Jill’s power to save Joe Biden in 2024, censors never stop
From the left: The Censors Never Stop
“Substack is under attack again,” grins Racket News’ Matt Taibbi, as Atlantic writer Jonathan Katz argues for “deplatforming Substack contributors he doesn’t like.” Of 17,000-plus writers, Katz cites “16 whole sites, he says, that deploy some variation of a swastika on Substack, and despite these being both legal and a complete non-factor in the national discussion, their existence cannot be tolerated.” Facing past furors over “transphobia” and “anti-vaccine sentiment,” Substack’s leaders “have proven they won’t let outside groups dictate to them about content. This is why contributors like me, who have a lot to worry about on this front, are loyal.” Censorship is “always about who gets the power to evaluate, not what’s being censored. The choice isn’t between getting rid of a few obvious Nazis, or not. It’s between giving someone like Jonathan Katz . . . sweeping power over content or not. Americans have always understood the second danger to be scarier, for good reason.”
Culture critics: Give — With Due Diligence
“The pressure to give money without strings attached has been growing,” report James Piereson & Naomi Schaefer Riley at City Journal. “Benchmarks for success” and “due diligence have become passé, or even a sign of structural racism; the often-white donors should simply trust leaders of color to make decisions for themselves.” Yet “donors have lavished hundreds of millions” on “groups like Black Lives Matter, only to see most or all of those funds wasted or stolen.” That, and the current trend of “pulling funds from Harvard, Penn, MIT, and other schools” over antisemitism, prove “that donors should exercise diligence in awarding grants and evaluating them after the fact” — to build trust and ensure their purposes are carried out.

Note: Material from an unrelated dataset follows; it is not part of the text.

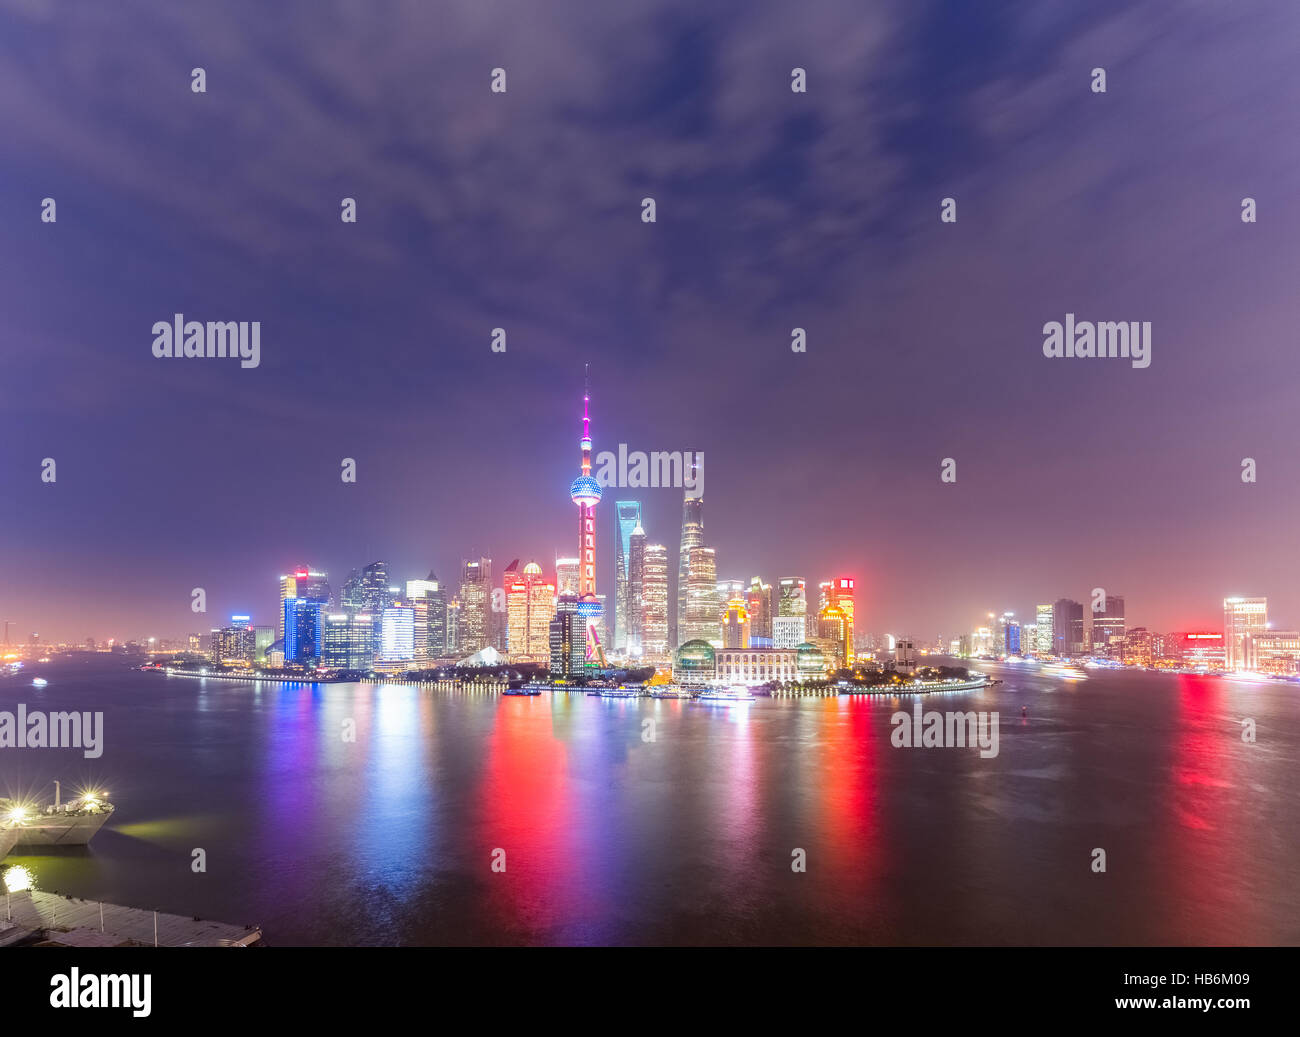 panoramic view of shanghai skyline at night Stock Photo

Centrist: Choosing Merit Over Race
“My grandparents and parents had every reason not to marry across the color line,” cheers Eli Steele at Newsweek, “but they chose love over their racial order.” He was later “faced with another kind of racial order,” told to “just check the box and you’ll get the upper hand.” Yet “checking the ‘black’ box on college applications would have forced me to enter what I call the Minority State of Mind,” a narrow “identity based on the politics of race.” “I pursued the path of merit” to avoid any race-based “claim over me.” His black grandfather, “a founding member of the Congress of Racial Equality,” rose “from poverty to a solid lower-middle class life despite living under segregation.” Why “betray this admirable progress for the empty promise of skin color”?

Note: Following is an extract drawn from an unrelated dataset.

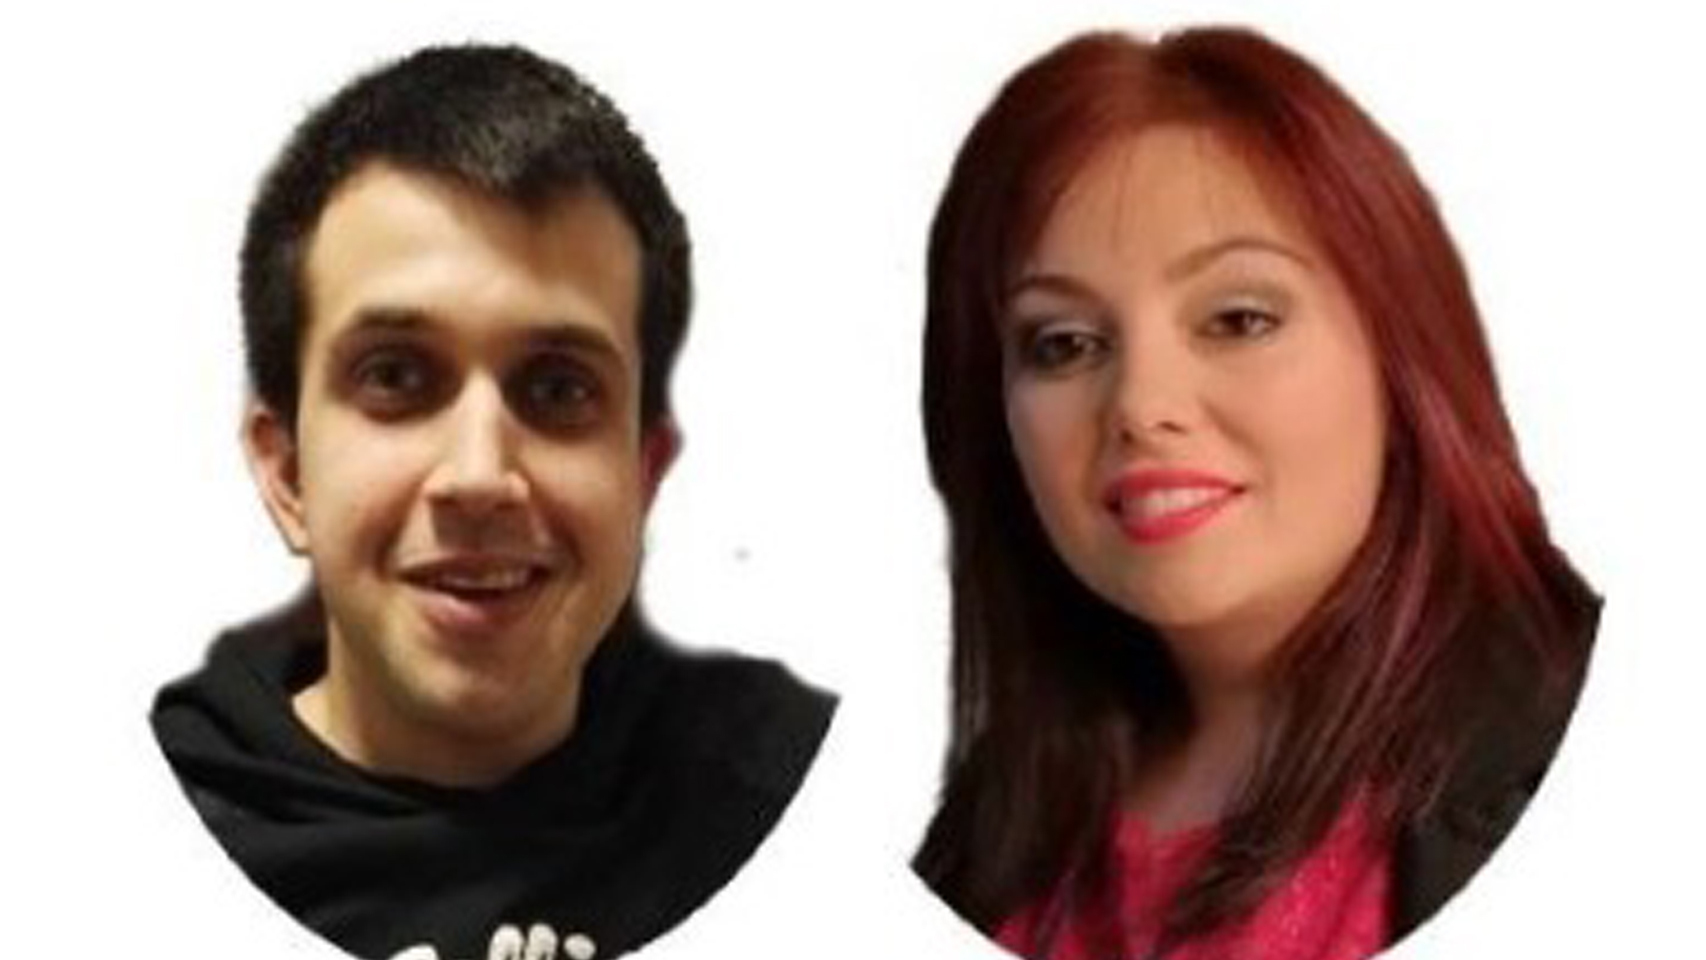 Abraham Muñiz y Sara Lampón, la pareja que esperaba dos hijos y falleció a causa de un accidente de tráfico en Ribeira.

From the right: Jill’s Power To Save Joe in 2024
First Lady Jill Biden is the only “person in the country who might be able to dissuade President Biden from seeking a second term,” argues Douglas MacKinnon at The Hill. “Every single Republican or conservative I know is hoping and praying that Biden is the Democratic nominee in 2024,” while “every single Democrat I know is hoping that Biden steps aside.” Biden family members are “now regularly being dragged into the webs of corruption or influence peddling,” while Joe’s “alleged cognitive issues . . . now regularly produce ‘Biden’s Senior Moment of the Week’ video clips.” “At what point does someone with influence within the Biden family cry ‘uncle’ to save the president and the family further embarrassment?”

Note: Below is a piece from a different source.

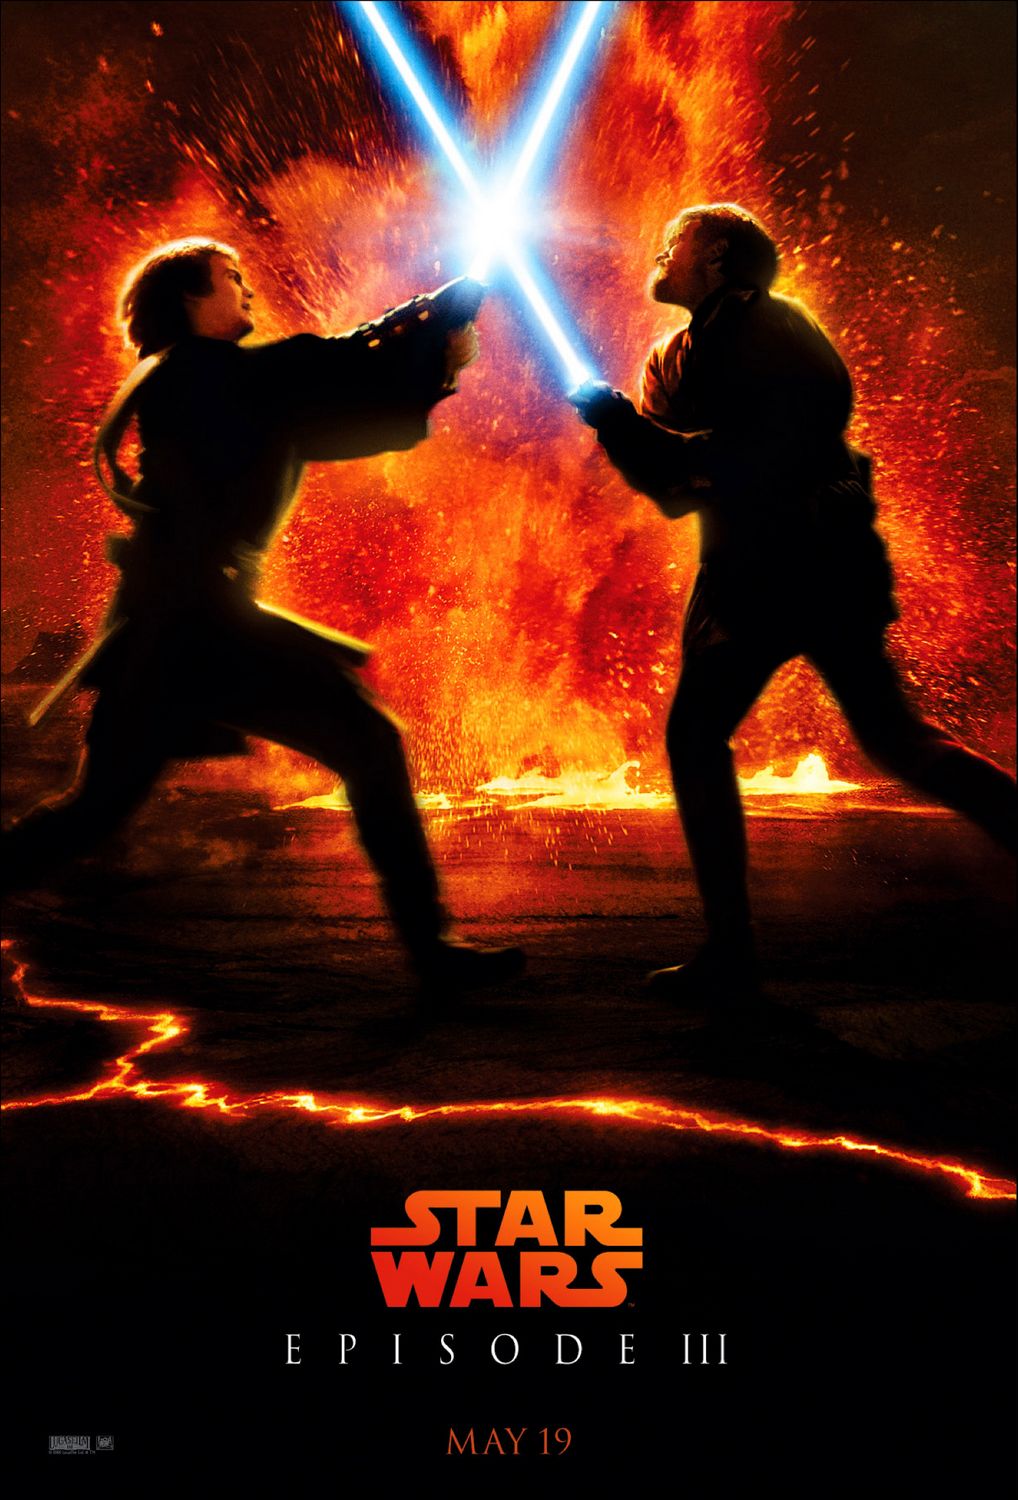 Star Wars: Episode III - Revenge of the Sith (2005) - IMDb

Ed desk: US School Failure Hurts Us All
“The latest findings from the Program for International Student Assessment are nothing short of alarming,” warns Bloomberg’s Michael R. Bloomberg. “US math scores fell by 13 points between 2018 and 2022”; “just 7% of 15-year-olds scored in the highest two levels.” “US students need more classroom instruction to make up for pandemic learning loss.” We must “bolster teacher quality, adopt more rigorous instructional materials and promote greater competition” via charters — not shy “from imposing more accountability on educators.” US failure to “keep pace with the rest of the world” in schools will leave us “poorer, less competitive and more unequal. Only voters can save the country from that fate.”